The location of the breakpoint of the artificial 1a/2a recombinant was estimated to be at position 2759/2760 (HCV-H77 numbering), while the cross-over point in the actual artificial recombinant was reported to be between the fourth and fifth nucleotide of a mutated restriction site Nde 1 located at position 2761–66 of their reference sequence (the boundary of p7 and NS2). However, in the same reference sequence (AF177037) the only site (CATATG) was located at positions 2773–2778, which corresponds to 2762–2767 of HCV-H77. This would place the breakpoint at position 2765/2766, so in this case the prediction is off by 6 nucleotides.

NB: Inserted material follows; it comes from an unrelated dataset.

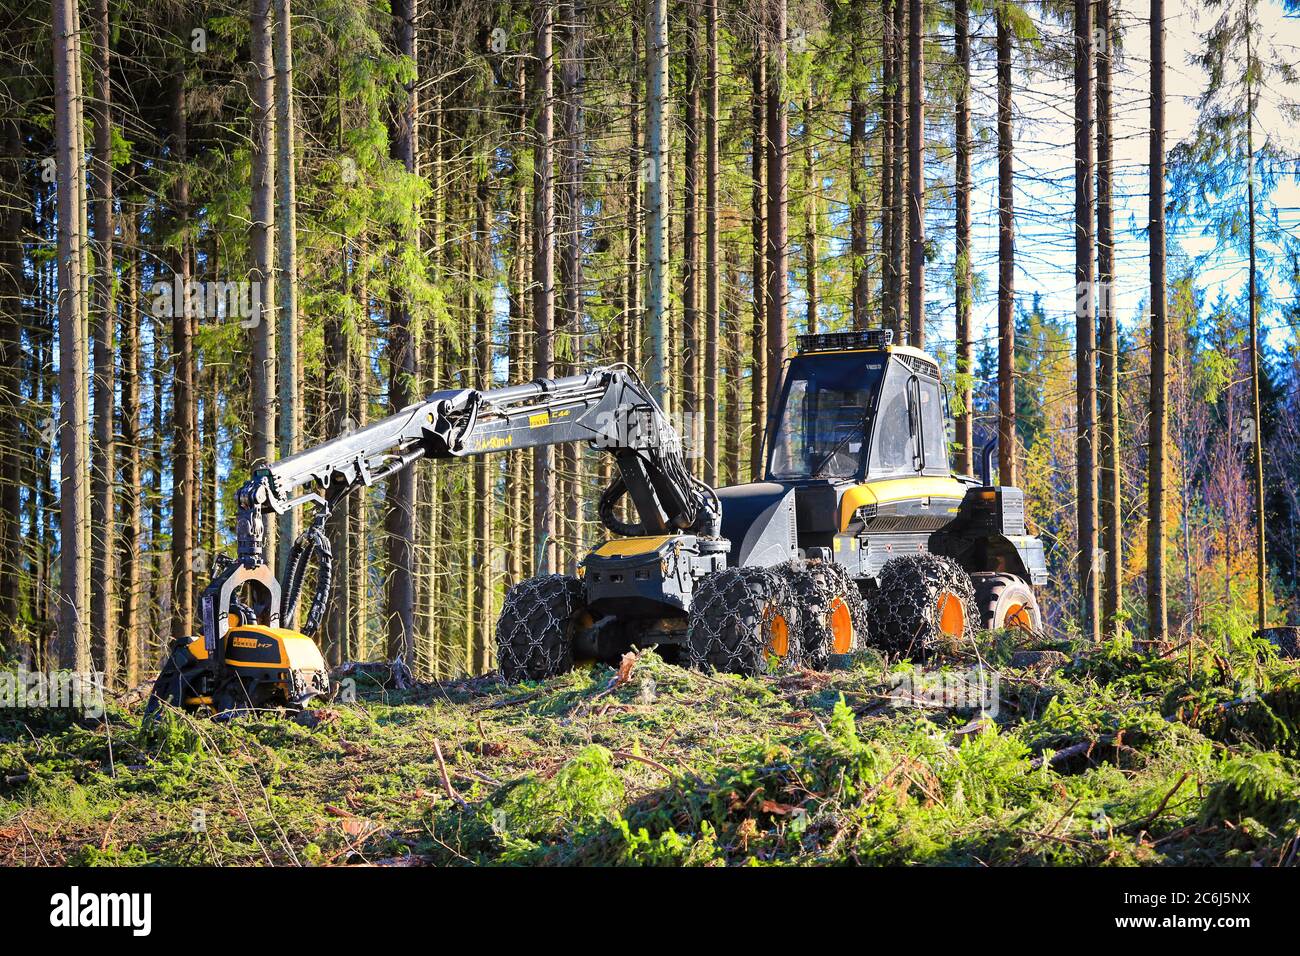 Moissonneuse forestière de la forêt de PONSSE Ergo sur le site d'exploitation forestière de la forêt de conifères automnale. Vihti, Finlande. 1er octobre 2016. Banque D'Images

In both recombinants, the genotype of the 5'UTR part of the sequence was misidentified, as 1a for the 1a/2a recombinant and as 2a for the 1b/2k recombinant. Thus, a spurious breakpoint was postulated for both sequences, at position 238/239 for the 1b/2k recombinant and at position 349/350 for the 1a/2a recombinant. This region of the HCV genome, around 350 nucleotides long, is known to be too highly conserved to contain a good phylogenetic signal, and often cannot even be used to phylogenetically distinguish different genotypes, let alone subtypes (CK, unpublished results), so it is not surprising that the jpHMM method is unable to make an accurate determination. As a consequence, for any automatic recombination detection method to work accurately, we expect that this region will have to be excluded a priori; and conversely, because this region does contain little phylogenetic information, detection of recombination will be almost impossible.